Госпожа Гейскенс была строгая и немногословная. Каждое утро она подавала нам в столовой завтрак. Казалось, что накануне вечером она получила печальное известие, и потом всю ночь не спала. Только спустя месяц она стала в нашем присутствии произносить что-то более сложное, чем «да» и «нет». Спустя еще несколько недель она объявила нас «постоянными клиентами», по утрам стала присаживаться за наш столик и рассказывать в телеграфном стиле короткие, по большей части довольно скучные истории о собственном прошлом и настоящем. Нам она никогда никаких вопросов не задавала.
Однажды я упомянул о Яне де Врисе. Она наморщила лоб и презрительно прищелкнула языком — то ли цыкнула, то ли пискнула.
— Да, знаю такого, — сухо произнесла она. — А лучше бы мне его и вовсе не знать.

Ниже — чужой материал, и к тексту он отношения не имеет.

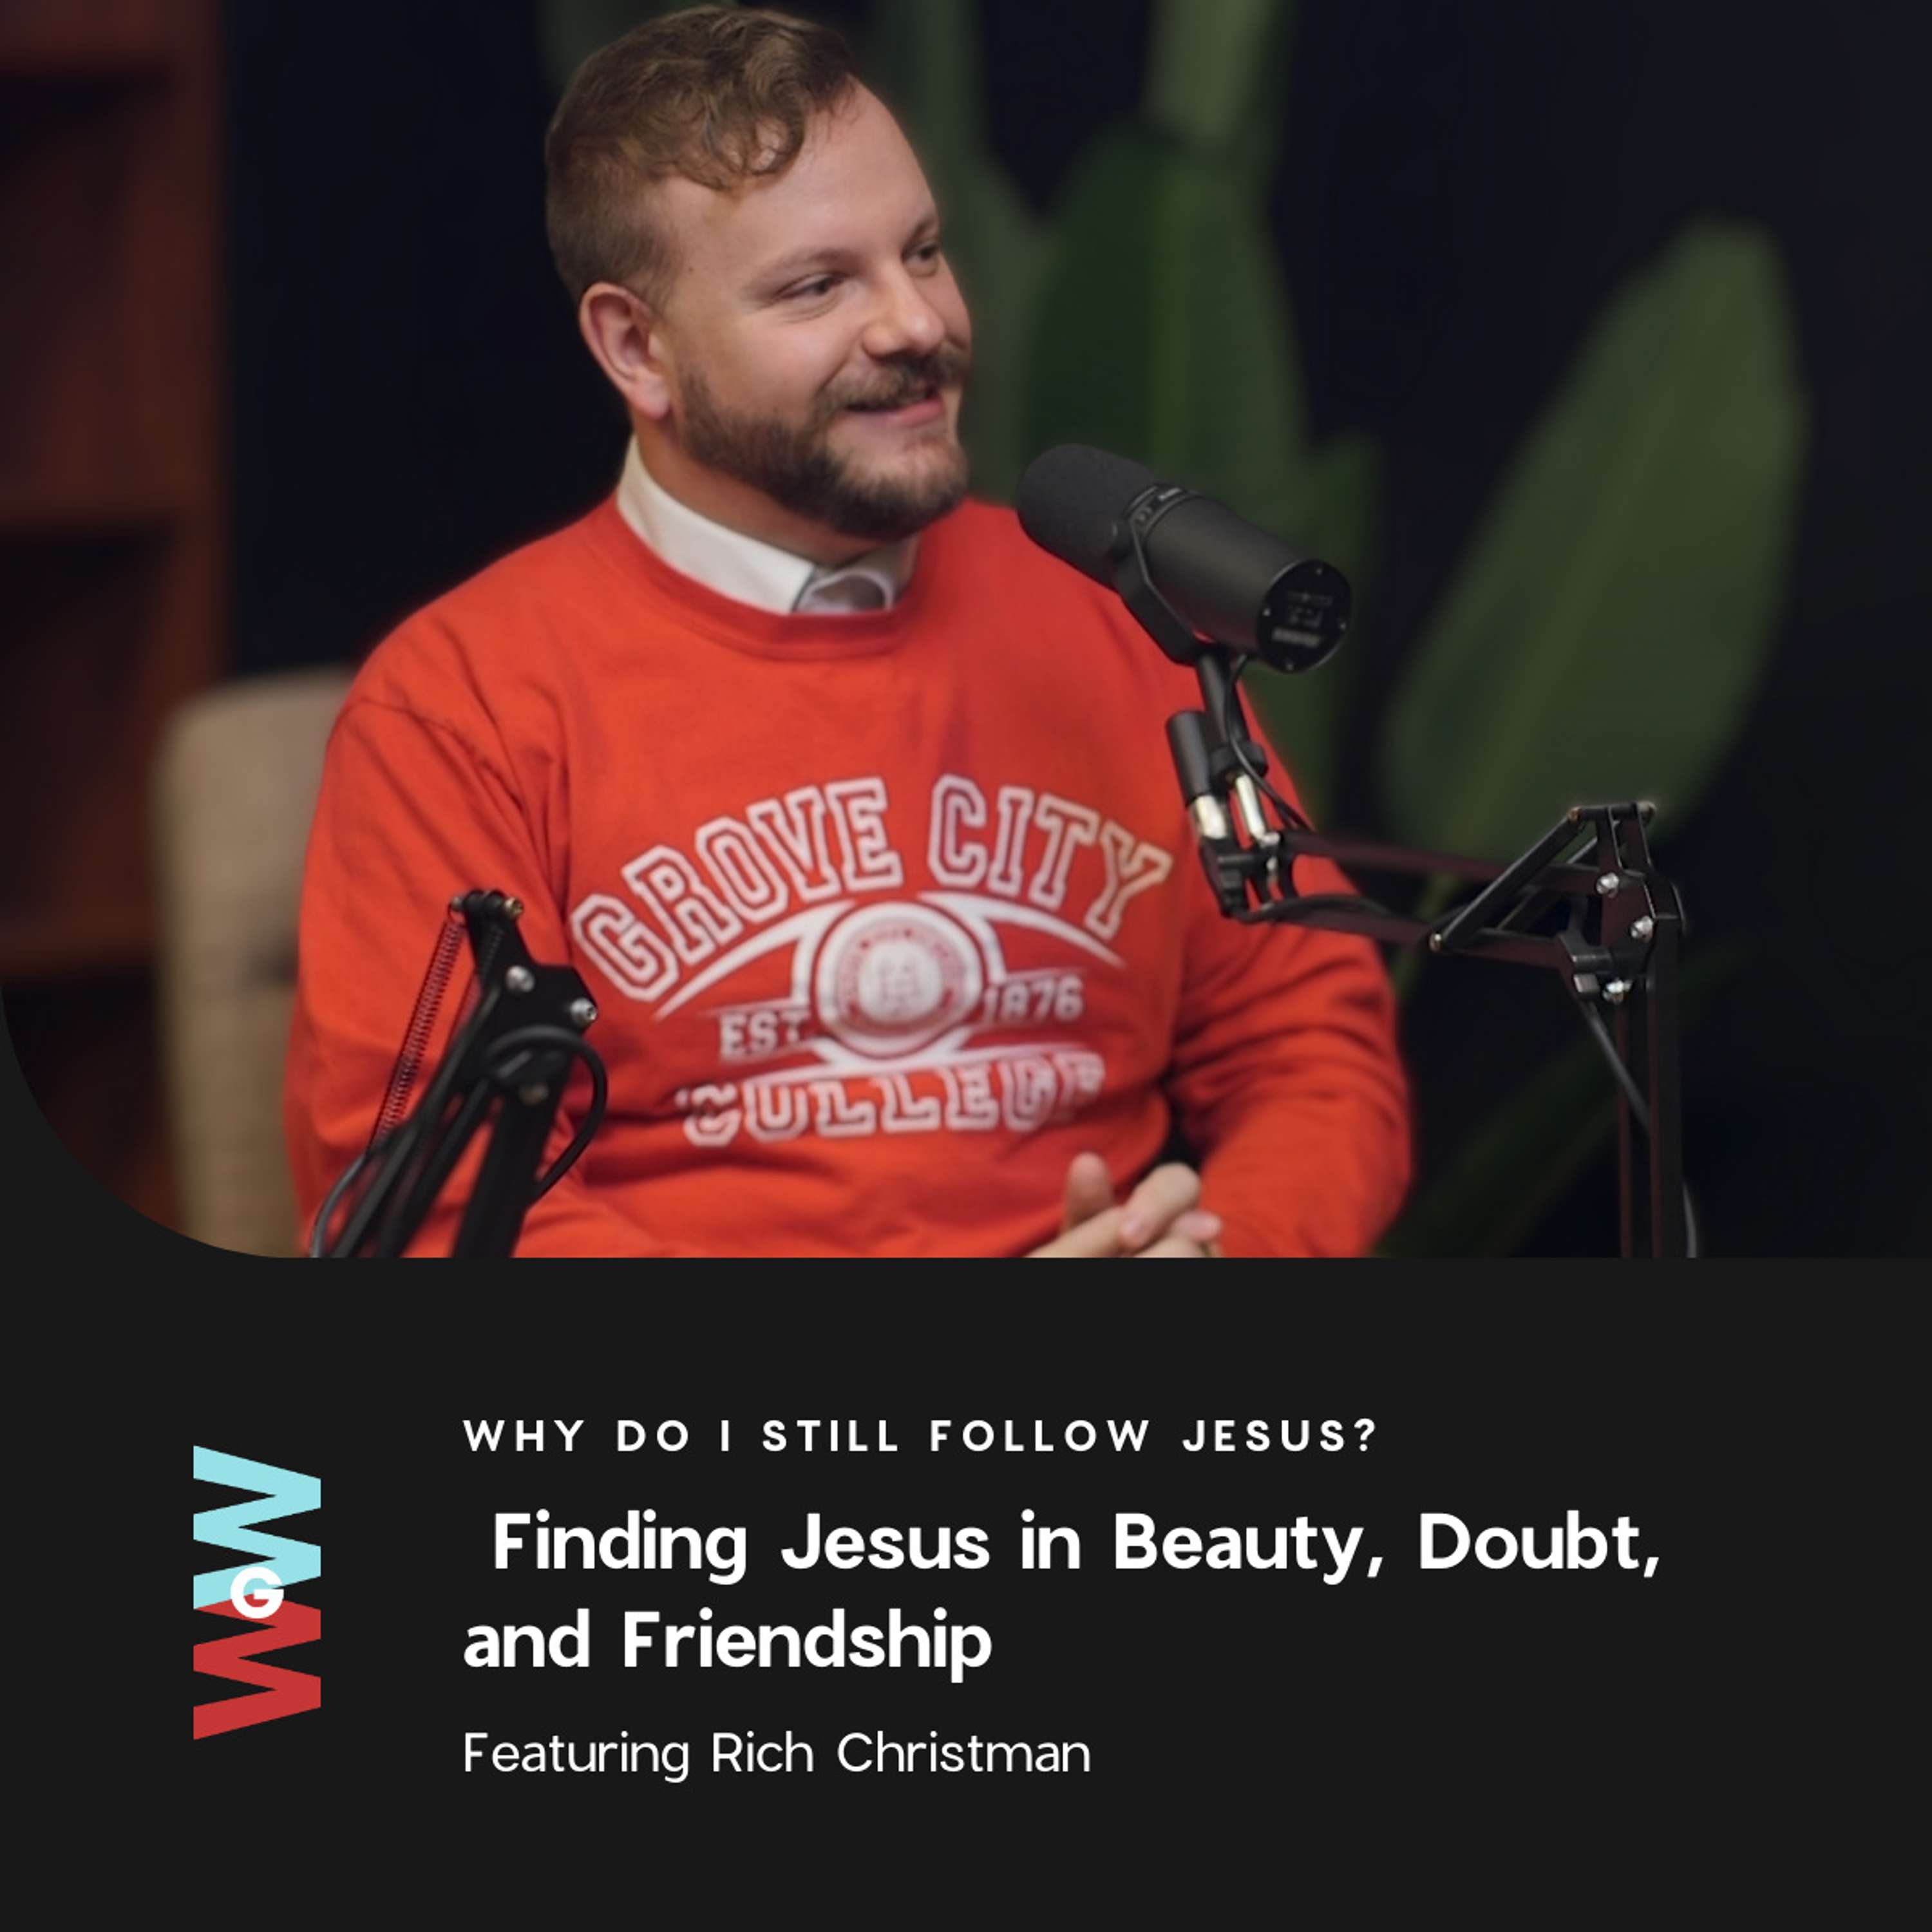 Rich Christman - Why do I still follow Jesus? (Finding Jesus in Beauty, Doubt, and Friendship)

Больше я из нее ни слова не вытянул.
А я часто вспоминал о симпатичном попутчике. Его магазин с «очень дешевыми товарами» просто не выходил у меня из головы. В моем воображении возникала сказочная, утопающая в таинственном свете красных, зеленых и синих ламп лавка, где громоздились на полках капитанские фуражки, матроски, модели бригантин и каравелл, кукольные домики, шкатулки и вазы, полные старых монет, банкнот и почтовых марок, граммофоны и яркие игрушки, и, конечно, карнавальные маски. В том, что де Врис торговал карнавальными масками, я нисколько не сомневался, может быть, потому, что мне отчаянно хотелось маску чертика с острыми рожками и высунутым красным языком, вроде той, в которой однажды явился на школьный карнавал мой одноклассник, сосед по парте Герхард Эльшик. Но когда я начинал канючить: «Ну, пойдемте, ну, сходим к нему в магазин, ну, только посмотрим», — родители недоумевали и даже сердились.
— У нас что, по-твоему, дел поважнее нет? — спрашивал отец.
— Там все очень дешево! — уговаривал я. — Всё лучшего качества!
— Ну, сам подумай, — убеждала меня мама. — У нас и так чемоданы вот-вот лопнут. Как же мы еще что-то покупать будем?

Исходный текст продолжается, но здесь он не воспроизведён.